PERCHÉ IL TIZIO DELLA SERA È IL TIZIO DELLA SERA

A che servono le origini 

Nel recente premio letterario, il Tizio non ha avuto preferenze perché non ha letto nessuno dei romanzi finalisti. Del resto è difficile avere preferenze per un romanzo dato che il suo scrittore appartiene alla cerchia da cui anche il Tizio ha origine, pur restando il fatto che il vincitore ha avuto a suo tempo successo a causa della rivendicazione, nella finzione letteraria ricalcata sulla propria vita, di non appartenere alla cerchia per non esservi stato ammesso, e  avendo sviluppato verso di essa un complesso rapporto di simpatia alla rovescia che sfuma in mite avversione tribale. Nella propria verosimile finzione letteraria, costui apparterrebbe alla cerchia senza volervi appartenere, mentre nella realtà la cerchia lo accoglie a braccia aperte, e altrettanto fa la nazione intorno alla cerchia, commossa da quel suo primo romanzo che finalmente denunciava la danarosa prosaicità della cerchia a cui l’io narrante non voleva appartenere desiderando tuttavia appartenervi senza appartenervi, tanto nella realtà quello era solo un romanzo che stroncava un’intera comunità i cui appartenenti sono tutti pantalonai ricchissimi e corrono dietro alle femmine. La verità è che il Tizio non ha letto i romanzi della cinquina perché tutti insieme verrebbero sui cento euro. Peccato, perché se li avesse letti avrebbe potuto anche lui fare il tifo per un romanzo indipendentemente dal romanzo e avrebbe capito che le origini servono a dividersi dagli altri.

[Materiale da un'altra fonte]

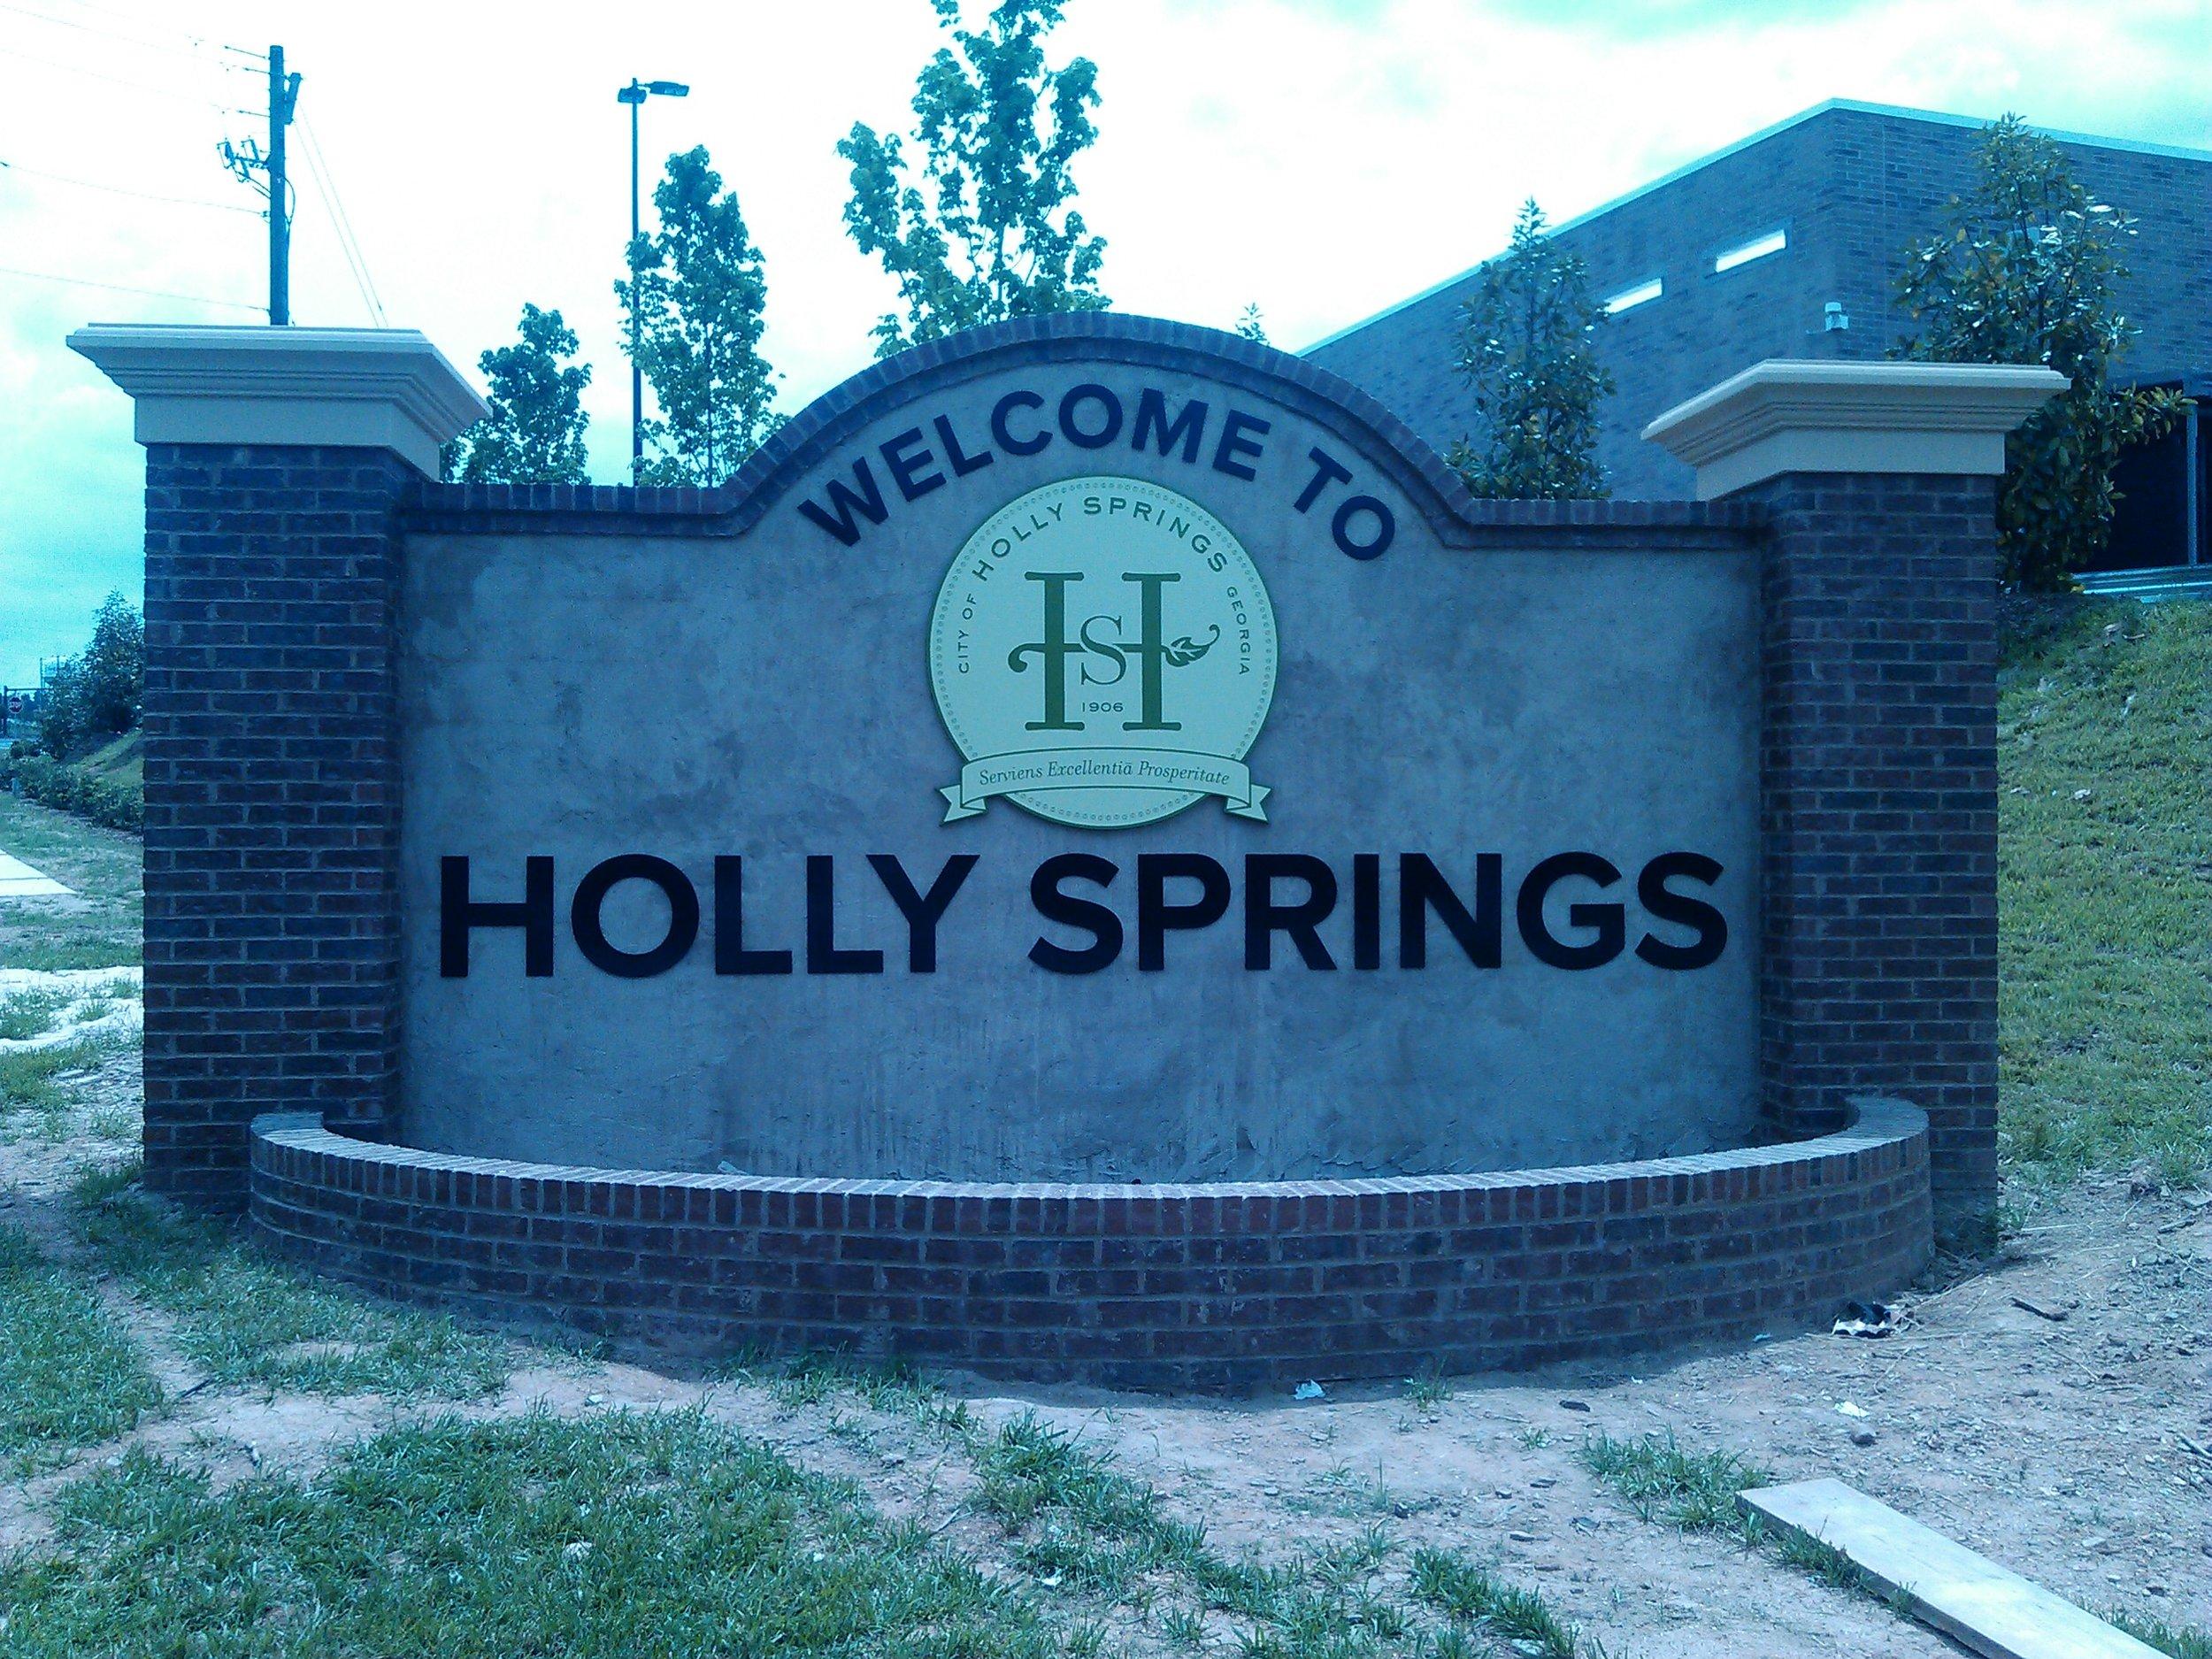 holly springs.jpg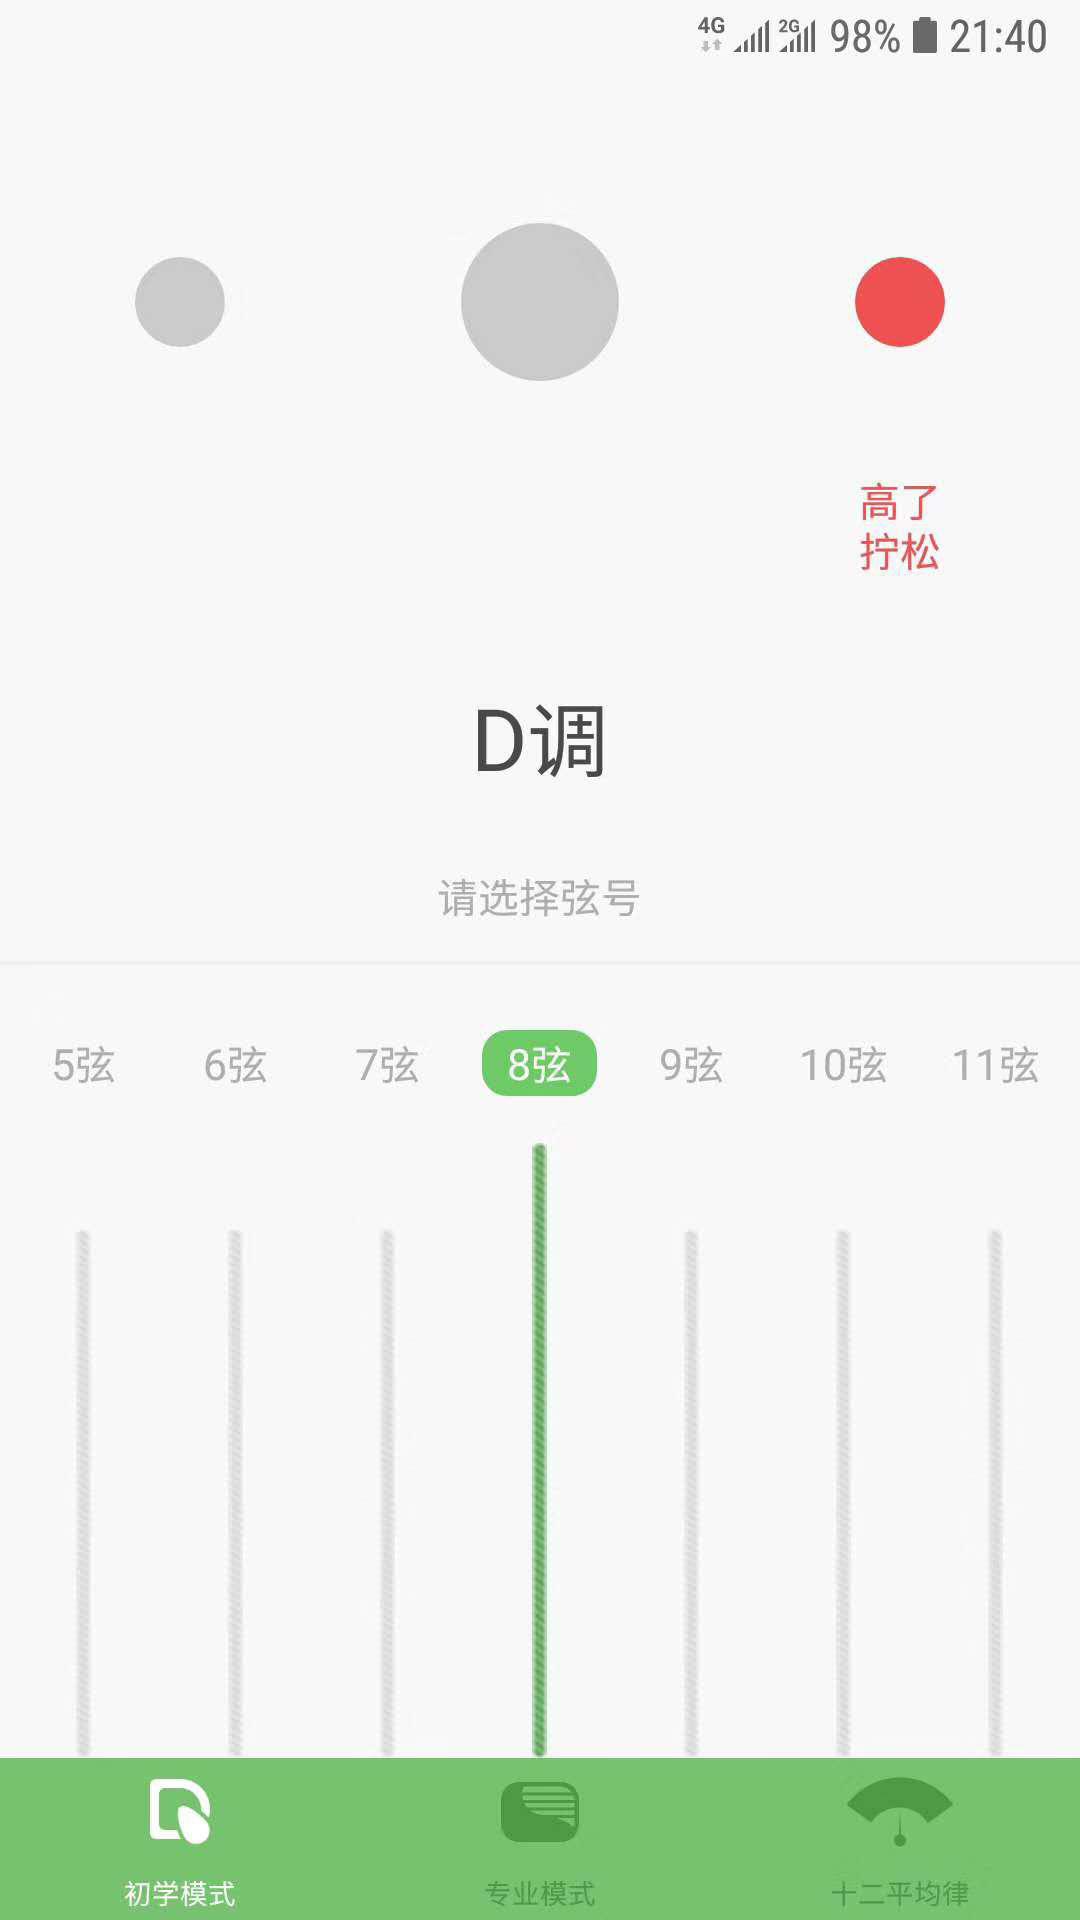 智能古筝调音器 V1.2.21 安卓版截图1

E nessuno, lasciatemelo dire, nessuno riesce a bucare un pallone gonfiato con l’eleganza del Tizio della Sera.

barbara

  1. Poffarbacco, Barbara.. e poi accusano me di “attività oscene” mentali.. capito mi hai?! 😉
    O forse sei troooppo profonda, per me..
    Ho dovuto rileggere tre volte, ma qualcosina ho capito: che l’affermazione conclusiva MI PIACE!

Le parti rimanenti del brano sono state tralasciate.